[Stored items from a collection]
***

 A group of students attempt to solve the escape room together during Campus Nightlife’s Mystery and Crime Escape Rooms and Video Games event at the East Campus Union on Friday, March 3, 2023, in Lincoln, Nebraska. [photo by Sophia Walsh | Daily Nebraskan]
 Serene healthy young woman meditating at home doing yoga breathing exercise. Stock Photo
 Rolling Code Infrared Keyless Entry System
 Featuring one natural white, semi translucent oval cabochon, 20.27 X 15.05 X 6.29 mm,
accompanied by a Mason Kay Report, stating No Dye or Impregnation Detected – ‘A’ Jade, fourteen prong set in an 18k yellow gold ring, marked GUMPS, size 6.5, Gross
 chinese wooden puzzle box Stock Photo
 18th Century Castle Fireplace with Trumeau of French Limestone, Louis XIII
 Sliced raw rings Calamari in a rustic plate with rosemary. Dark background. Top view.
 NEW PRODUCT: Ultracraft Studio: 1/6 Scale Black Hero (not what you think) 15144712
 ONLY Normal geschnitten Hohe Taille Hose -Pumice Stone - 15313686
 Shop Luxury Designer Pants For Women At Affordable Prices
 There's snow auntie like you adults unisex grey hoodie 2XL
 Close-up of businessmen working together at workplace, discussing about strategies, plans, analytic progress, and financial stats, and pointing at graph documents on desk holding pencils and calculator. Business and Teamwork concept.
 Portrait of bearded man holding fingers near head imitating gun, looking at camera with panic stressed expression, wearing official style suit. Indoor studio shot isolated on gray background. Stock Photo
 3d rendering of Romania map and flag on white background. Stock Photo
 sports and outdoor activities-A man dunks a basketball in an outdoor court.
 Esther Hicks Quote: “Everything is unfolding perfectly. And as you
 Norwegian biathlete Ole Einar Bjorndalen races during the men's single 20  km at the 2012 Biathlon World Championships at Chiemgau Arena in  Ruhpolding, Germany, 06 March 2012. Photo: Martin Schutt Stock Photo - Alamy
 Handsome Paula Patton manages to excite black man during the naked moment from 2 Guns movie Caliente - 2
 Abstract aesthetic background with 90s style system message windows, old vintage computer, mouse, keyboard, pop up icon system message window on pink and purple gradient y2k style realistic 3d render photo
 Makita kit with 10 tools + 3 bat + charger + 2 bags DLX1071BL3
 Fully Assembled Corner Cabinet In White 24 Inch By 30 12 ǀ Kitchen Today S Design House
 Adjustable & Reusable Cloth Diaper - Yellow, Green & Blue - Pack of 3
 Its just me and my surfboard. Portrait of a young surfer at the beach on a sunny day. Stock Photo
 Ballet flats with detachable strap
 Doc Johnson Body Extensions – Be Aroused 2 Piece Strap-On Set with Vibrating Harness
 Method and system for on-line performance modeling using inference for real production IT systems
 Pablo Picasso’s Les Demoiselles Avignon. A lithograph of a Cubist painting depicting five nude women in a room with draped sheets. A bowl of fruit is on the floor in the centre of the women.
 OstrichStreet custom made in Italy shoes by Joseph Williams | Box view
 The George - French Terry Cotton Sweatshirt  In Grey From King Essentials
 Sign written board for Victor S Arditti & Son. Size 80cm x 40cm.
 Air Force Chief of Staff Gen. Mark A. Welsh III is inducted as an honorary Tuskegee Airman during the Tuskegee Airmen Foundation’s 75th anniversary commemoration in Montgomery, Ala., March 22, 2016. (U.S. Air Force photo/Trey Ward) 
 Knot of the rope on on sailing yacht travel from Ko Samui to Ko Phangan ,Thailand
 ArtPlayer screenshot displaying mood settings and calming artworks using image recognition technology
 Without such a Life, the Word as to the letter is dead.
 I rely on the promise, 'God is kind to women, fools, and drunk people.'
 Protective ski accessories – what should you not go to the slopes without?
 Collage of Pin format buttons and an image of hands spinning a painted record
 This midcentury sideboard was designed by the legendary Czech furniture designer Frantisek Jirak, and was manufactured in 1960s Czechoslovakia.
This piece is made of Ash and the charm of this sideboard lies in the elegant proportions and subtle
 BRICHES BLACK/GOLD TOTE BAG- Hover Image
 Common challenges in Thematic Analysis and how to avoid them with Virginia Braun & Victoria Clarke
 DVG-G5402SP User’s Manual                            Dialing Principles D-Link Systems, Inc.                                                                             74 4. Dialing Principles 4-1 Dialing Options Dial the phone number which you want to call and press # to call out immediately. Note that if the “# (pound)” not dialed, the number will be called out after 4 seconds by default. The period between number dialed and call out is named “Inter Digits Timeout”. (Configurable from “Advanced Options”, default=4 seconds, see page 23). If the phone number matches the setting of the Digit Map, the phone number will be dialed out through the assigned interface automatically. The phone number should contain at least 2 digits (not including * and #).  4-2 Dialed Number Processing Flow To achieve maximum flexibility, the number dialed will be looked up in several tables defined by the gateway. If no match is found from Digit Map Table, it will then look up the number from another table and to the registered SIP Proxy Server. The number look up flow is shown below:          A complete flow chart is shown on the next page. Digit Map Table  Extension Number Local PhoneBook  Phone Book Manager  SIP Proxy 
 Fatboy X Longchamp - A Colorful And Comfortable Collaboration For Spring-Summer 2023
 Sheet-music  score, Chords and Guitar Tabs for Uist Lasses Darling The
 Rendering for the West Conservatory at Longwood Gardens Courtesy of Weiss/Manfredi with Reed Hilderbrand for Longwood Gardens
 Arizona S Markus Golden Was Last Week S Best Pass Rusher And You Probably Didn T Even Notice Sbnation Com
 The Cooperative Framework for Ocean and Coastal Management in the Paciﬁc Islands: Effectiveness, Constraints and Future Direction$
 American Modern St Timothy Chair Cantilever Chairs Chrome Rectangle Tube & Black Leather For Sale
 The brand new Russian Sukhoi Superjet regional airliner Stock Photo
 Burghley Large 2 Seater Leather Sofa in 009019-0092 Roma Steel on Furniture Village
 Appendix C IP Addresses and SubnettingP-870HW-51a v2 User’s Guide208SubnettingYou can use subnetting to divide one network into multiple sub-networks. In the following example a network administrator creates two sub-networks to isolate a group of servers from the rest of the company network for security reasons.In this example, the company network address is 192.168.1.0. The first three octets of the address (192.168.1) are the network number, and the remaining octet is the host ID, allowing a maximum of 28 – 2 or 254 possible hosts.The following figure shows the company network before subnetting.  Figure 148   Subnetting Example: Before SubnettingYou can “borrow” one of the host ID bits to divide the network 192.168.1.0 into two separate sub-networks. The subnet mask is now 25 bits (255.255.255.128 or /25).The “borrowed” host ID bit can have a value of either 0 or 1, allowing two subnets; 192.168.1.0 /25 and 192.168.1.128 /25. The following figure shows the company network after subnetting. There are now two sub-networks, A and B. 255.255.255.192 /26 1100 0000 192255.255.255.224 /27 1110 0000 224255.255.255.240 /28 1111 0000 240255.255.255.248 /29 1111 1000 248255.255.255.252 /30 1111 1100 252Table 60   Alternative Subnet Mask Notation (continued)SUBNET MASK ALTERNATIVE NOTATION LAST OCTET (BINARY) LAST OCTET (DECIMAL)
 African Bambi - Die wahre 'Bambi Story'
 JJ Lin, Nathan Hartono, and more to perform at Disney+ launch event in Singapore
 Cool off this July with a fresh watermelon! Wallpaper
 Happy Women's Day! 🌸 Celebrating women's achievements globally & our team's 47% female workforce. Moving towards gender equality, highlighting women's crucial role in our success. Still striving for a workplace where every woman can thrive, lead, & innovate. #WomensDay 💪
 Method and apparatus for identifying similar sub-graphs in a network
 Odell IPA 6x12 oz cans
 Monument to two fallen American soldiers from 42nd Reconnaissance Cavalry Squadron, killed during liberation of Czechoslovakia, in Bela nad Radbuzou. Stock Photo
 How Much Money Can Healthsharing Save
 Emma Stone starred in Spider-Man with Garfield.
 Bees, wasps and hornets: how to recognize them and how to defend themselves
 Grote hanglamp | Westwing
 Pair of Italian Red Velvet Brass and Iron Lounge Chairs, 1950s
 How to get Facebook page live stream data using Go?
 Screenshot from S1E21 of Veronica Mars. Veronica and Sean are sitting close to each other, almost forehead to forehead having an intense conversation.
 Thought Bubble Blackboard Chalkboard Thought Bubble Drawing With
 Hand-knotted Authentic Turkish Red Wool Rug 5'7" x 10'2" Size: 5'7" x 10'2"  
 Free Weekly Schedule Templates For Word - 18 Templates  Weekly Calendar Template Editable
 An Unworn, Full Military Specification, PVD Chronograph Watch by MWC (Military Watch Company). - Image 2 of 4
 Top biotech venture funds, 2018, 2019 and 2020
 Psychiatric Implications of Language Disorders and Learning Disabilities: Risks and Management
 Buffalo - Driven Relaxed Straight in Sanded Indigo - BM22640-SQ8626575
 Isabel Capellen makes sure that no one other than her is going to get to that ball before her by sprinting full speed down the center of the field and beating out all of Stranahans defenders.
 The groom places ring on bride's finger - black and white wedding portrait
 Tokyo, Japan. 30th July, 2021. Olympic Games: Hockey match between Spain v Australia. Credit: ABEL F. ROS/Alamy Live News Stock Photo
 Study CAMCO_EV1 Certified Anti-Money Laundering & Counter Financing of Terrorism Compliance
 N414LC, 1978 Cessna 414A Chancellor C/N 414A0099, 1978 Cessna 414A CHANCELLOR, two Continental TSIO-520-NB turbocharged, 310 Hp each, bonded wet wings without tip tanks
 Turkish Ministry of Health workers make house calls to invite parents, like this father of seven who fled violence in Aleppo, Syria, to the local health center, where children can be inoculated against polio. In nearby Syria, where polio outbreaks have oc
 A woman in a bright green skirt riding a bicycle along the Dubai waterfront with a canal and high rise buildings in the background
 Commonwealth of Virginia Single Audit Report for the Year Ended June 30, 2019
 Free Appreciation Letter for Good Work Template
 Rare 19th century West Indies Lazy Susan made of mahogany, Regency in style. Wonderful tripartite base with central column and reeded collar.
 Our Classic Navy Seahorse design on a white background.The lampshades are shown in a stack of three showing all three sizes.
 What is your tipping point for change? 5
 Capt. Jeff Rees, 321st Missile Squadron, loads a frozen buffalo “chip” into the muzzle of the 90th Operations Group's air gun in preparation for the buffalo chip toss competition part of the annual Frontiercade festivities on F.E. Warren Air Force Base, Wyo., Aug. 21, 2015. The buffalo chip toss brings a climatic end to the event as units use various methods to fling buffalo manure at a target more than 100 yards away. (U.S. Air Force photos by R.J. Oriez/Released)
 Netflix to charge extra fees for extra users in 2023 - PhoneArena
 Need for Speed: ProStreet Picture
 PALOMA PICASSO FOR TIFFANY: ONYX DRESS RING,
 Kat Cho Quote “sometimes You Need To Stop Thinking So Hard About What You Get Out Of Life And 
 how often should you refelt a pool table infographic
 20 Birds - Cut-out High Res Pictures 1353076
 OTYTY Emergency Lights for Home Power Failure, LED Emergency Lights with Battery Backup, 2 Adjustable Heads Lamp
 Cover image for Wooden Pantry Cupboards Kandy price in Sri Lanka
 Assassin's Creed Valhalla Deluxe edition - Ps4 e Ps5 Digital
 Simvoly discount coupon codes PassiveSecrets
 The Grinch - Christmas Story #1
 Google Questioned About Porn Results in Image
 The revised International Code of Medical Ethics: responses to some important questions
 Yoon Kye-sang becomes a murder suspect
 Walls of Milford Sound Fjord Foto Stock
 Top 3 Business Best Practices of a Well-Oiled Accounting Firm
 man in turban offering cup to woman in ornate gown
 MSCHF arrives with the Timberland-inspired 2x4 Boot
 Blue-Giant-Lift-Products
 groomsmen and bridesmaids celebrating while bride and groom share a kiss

***

→ Task goal
Report each line above that includes the string "sideboard".

→ Task answer
 This midcentury sideboard was designed by the legendary Czech furniture designer Frantisek Jirak, and was manufactured in 1960s Czechoslovakia.
This piece is made of Ash and the charm of this sideboard lies in the elegant proportions and subtle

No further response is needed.